The reply should hold only the lines from the one with "hand screwdriver spanner" to the one with "Project Roomkey motels", both ends kept, exactly as they appear below, without any pictures.

#### EXTRACTED RECORDS
Content starts

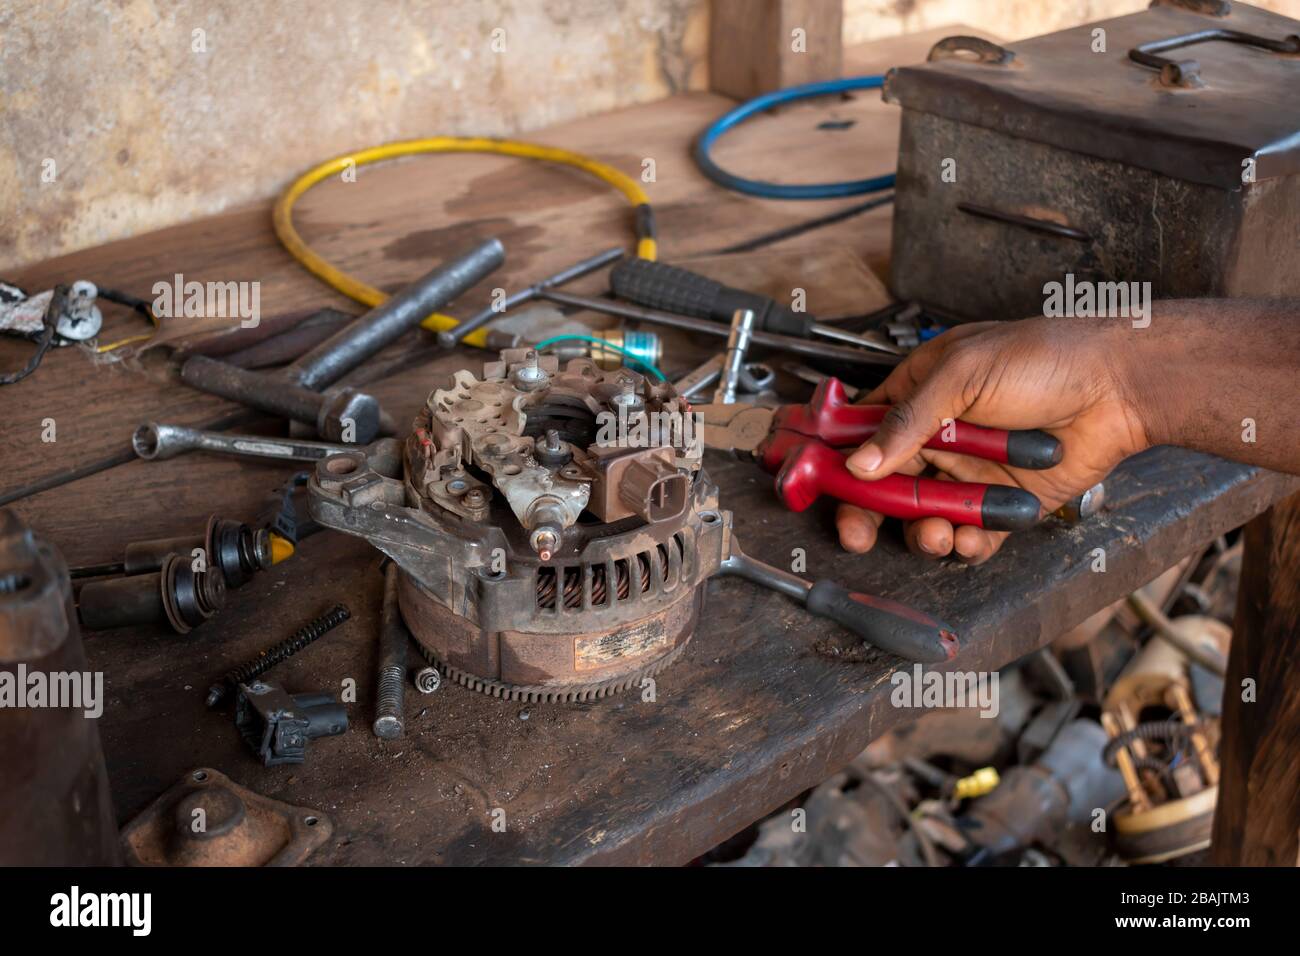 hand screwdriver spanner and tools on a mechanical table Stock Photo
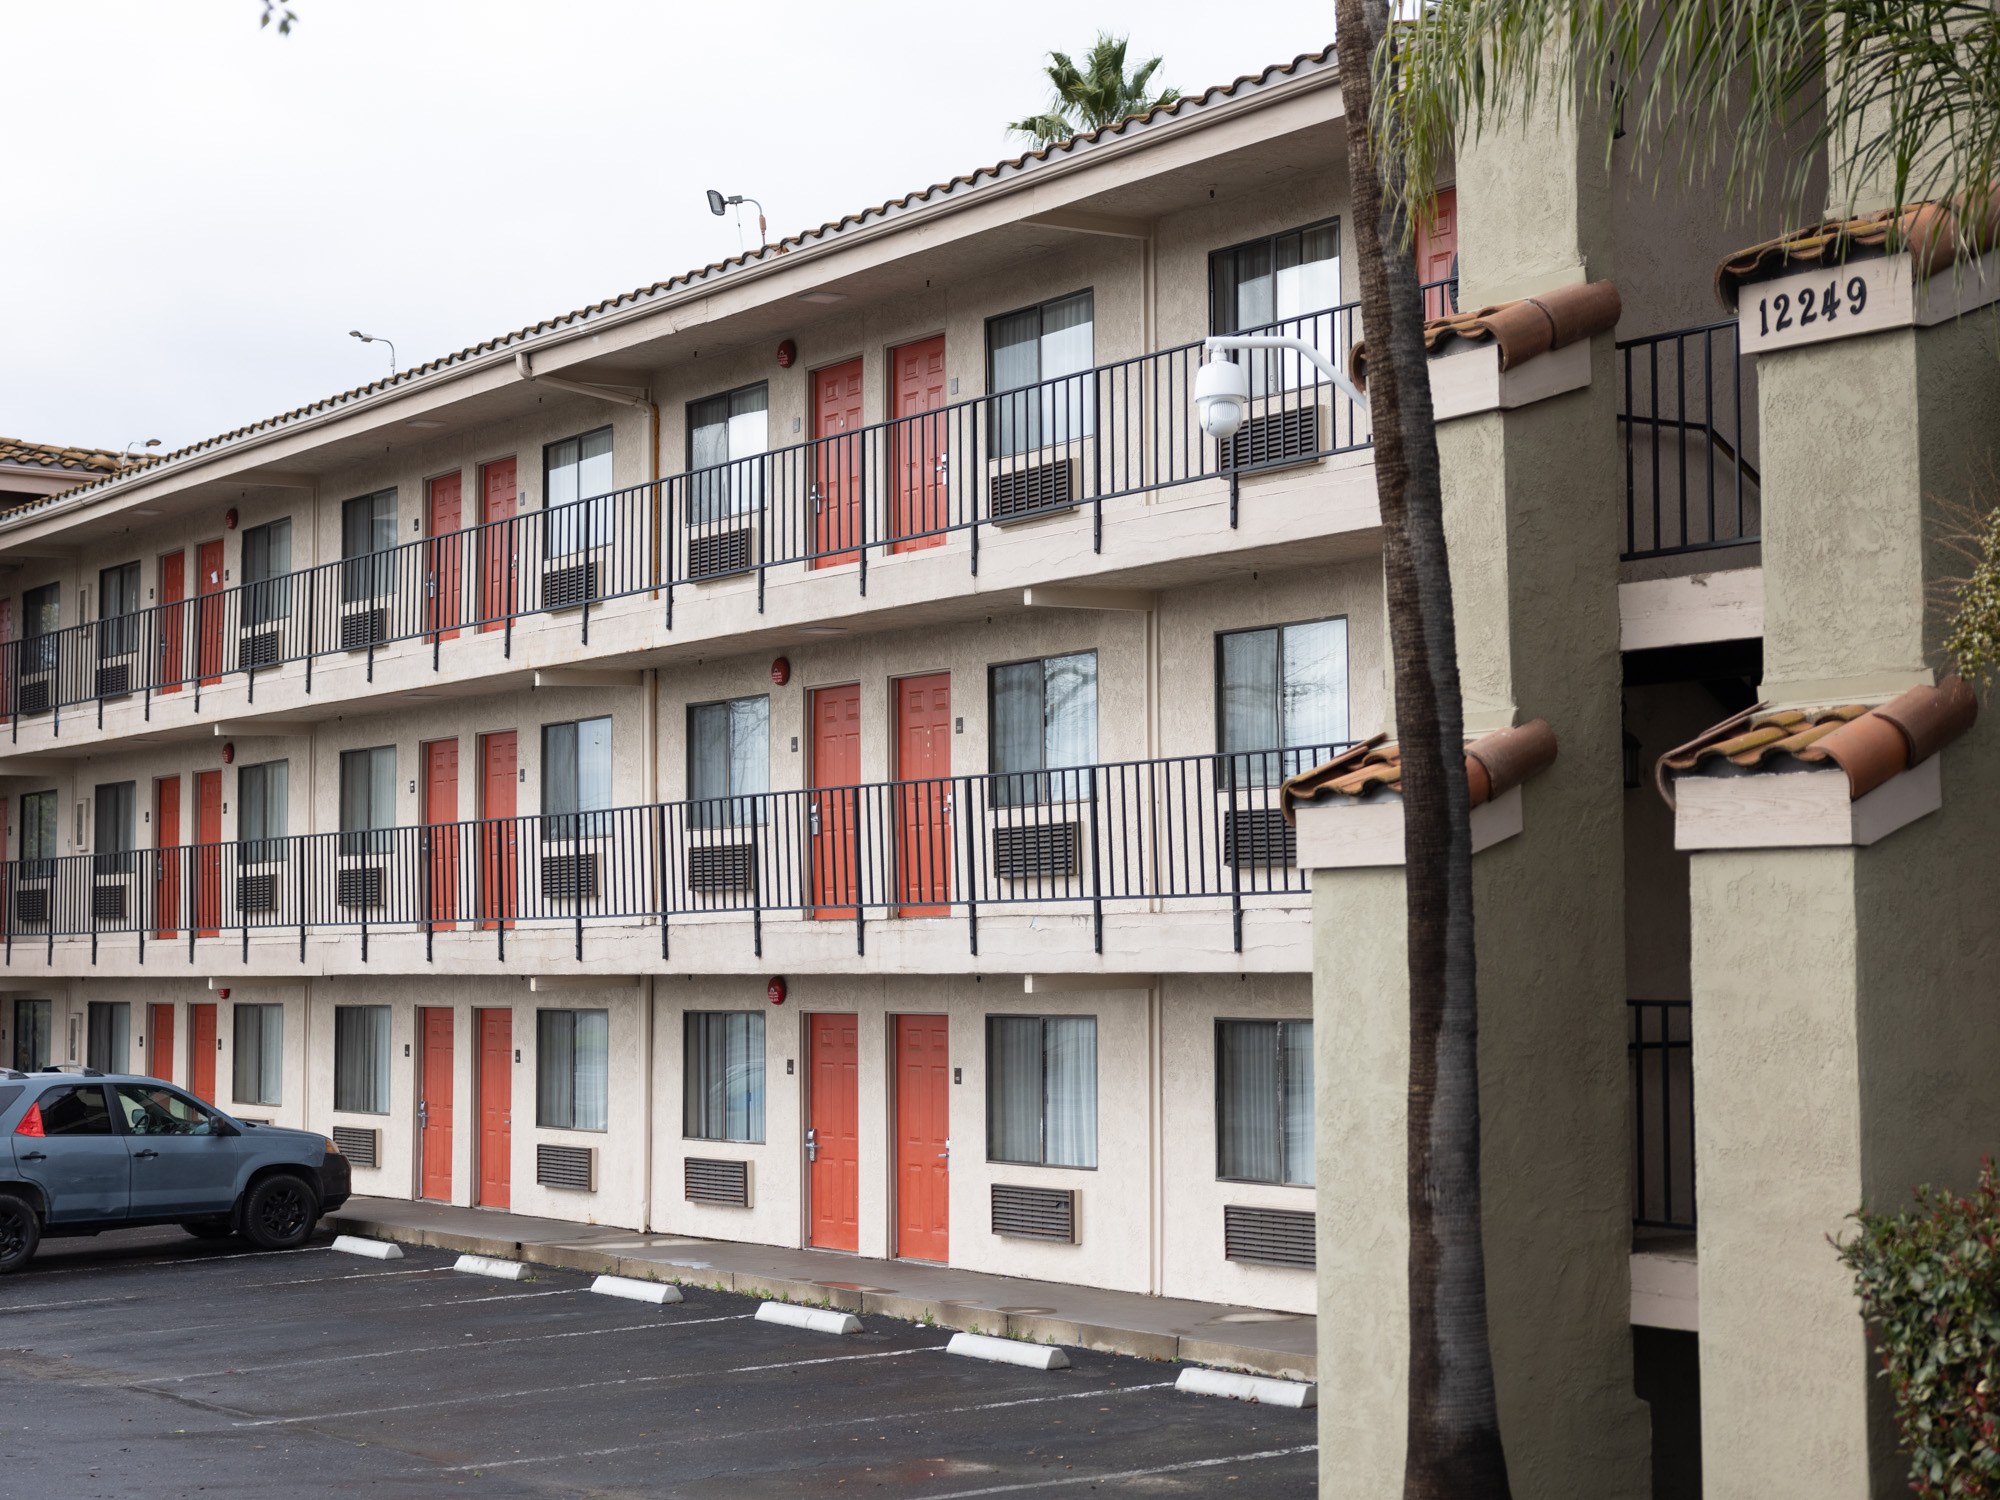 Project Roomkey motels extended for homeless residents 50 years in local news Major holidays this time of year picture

Content ends
Content starts

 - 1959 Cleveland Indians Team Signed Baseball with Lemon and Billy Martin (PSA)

Content ends

#### RESPONSE AREA
 hand screwdriver spanner and tools on a mechanical table Stock Photo
 Project Roomkey motels extended for homeless residents 50 years in local news Major holidays this time of year picture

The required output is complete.